Но кошелка с яблоками была так тяжела, а тут в тени была такая прохлада, что я с удовольствием уселся на «прызьбе».[189]
Юноши остались со мною и, словно в светской гостиной, принялись с необыкновенным усердием (так сказать, в четыре руки) занимать меня учтивым разговором: давно ли я приехал в Ирпень? Бывал ли я когда-нибудь в этих местах? Нравится ли мне Украина?

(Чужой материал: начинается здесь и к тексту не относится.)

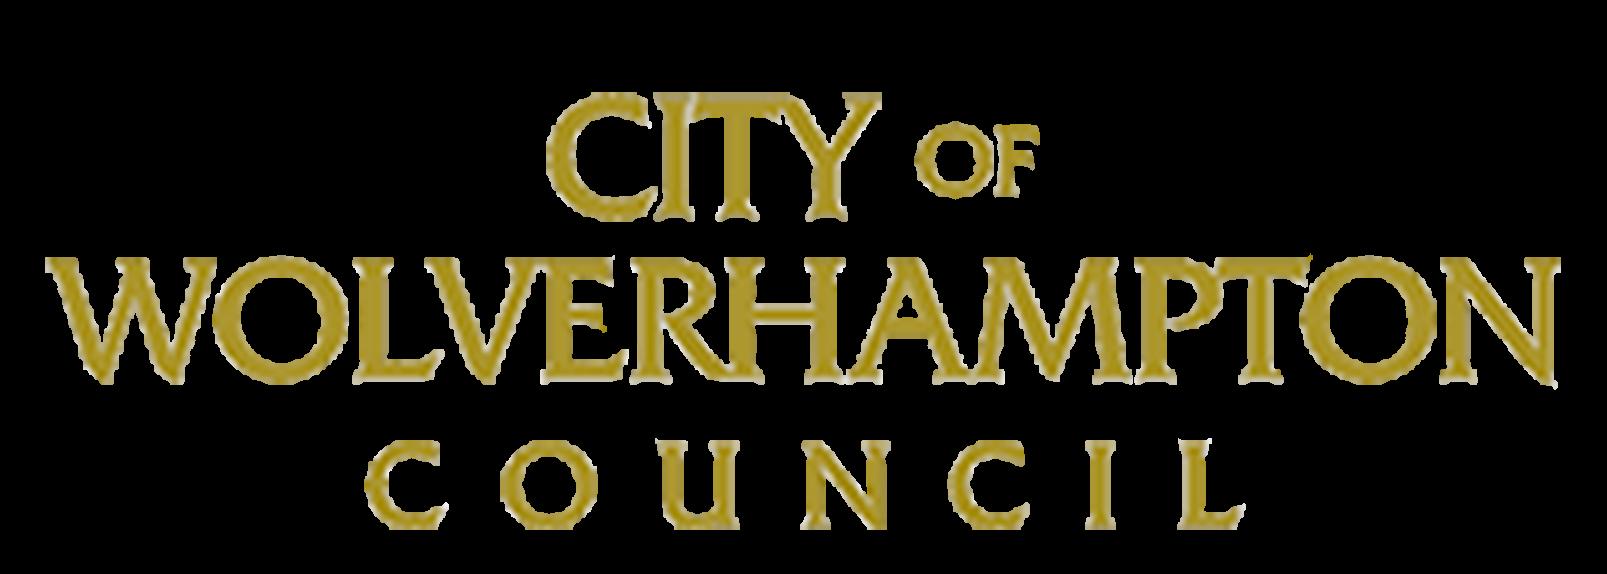 City of Wolverhampton Council logo

Не успел я насладиться их тонкой воспитанностью, заставившей их бросить игру и пойти развлекать неизвестного им человека, как на пороге с кукурузным початком в руке появился Антон Семенович, и я сразу признал в нем Макаренко.
Дед оказался прав — Антон Семенович был действительно очень похож на комиссара эпохи гражданской войны: немногословный, строгий, уверенный в себе человек, без лишних жестов и суетливых улыбок.
Приветствуя меня с самым сердечным радушием, он не потерял в то же время своей сановитой степенности. В эту первую минуту нашей встречи мне почудилось в нем что-то непреклонное, несокрушимое, властное, чем, он очень напомнил мне моего друга Бориса Житкова.
Сильным и четким движением разломив свой початок, он дал половину девочке, которая, очевидно, привыкла получать от него такие дары.
Учтивые юноши тотчас же убежали к товарищам, среди которых было несколько девушек, и тут только я понял, как скучно им было со мною, как хотелось им все это время воротиться к своей прерванной игре.
Антон Семенович дружелюбен и ласков: берет мою тяжелую кошелку, ведет меня в прохладную комнату, знакомит со своими домашними, угощает восхитительной дыней. И все же я на первых порах ощущаю в нем что-то начальственное, и это стесняет меня.
Но девочка, пришедшая вместе со мною, не чувствует ни малейшей стеснительности: получив большую «скибку» дыни, она бесцеремонно карабкается вместе с ней на тахту, поближе к Антону Семеновичу.
В разговоре я упоминаю о том, как полюбились мне юноши, которые, оберегая его сон, так ретиво развлекали меня. Он усмехается и, взяв меня под руку, молча ведет во двор к той площадке, где происходит игра. Походка у него военная, четкая: так ходит командир перед строем.
Я долго любуюсь играющими. Чем-то они напоминают мне оксфордских студентов. Я говорю об этом Антону Семеновичу.
— Правильно, — соглашается он, и в голосе его слышится украинский юмор. — Вон тот кучерявый — талантливейший вор-чемоданщик со станции Лозовая, под Харьковом. Уж на что знаменитые воры работали всегда на Лозовой, а он был самый среди них знаменитый. А тот, в белых брюках, — всего лишь карманник, но тоже очень высокого класса.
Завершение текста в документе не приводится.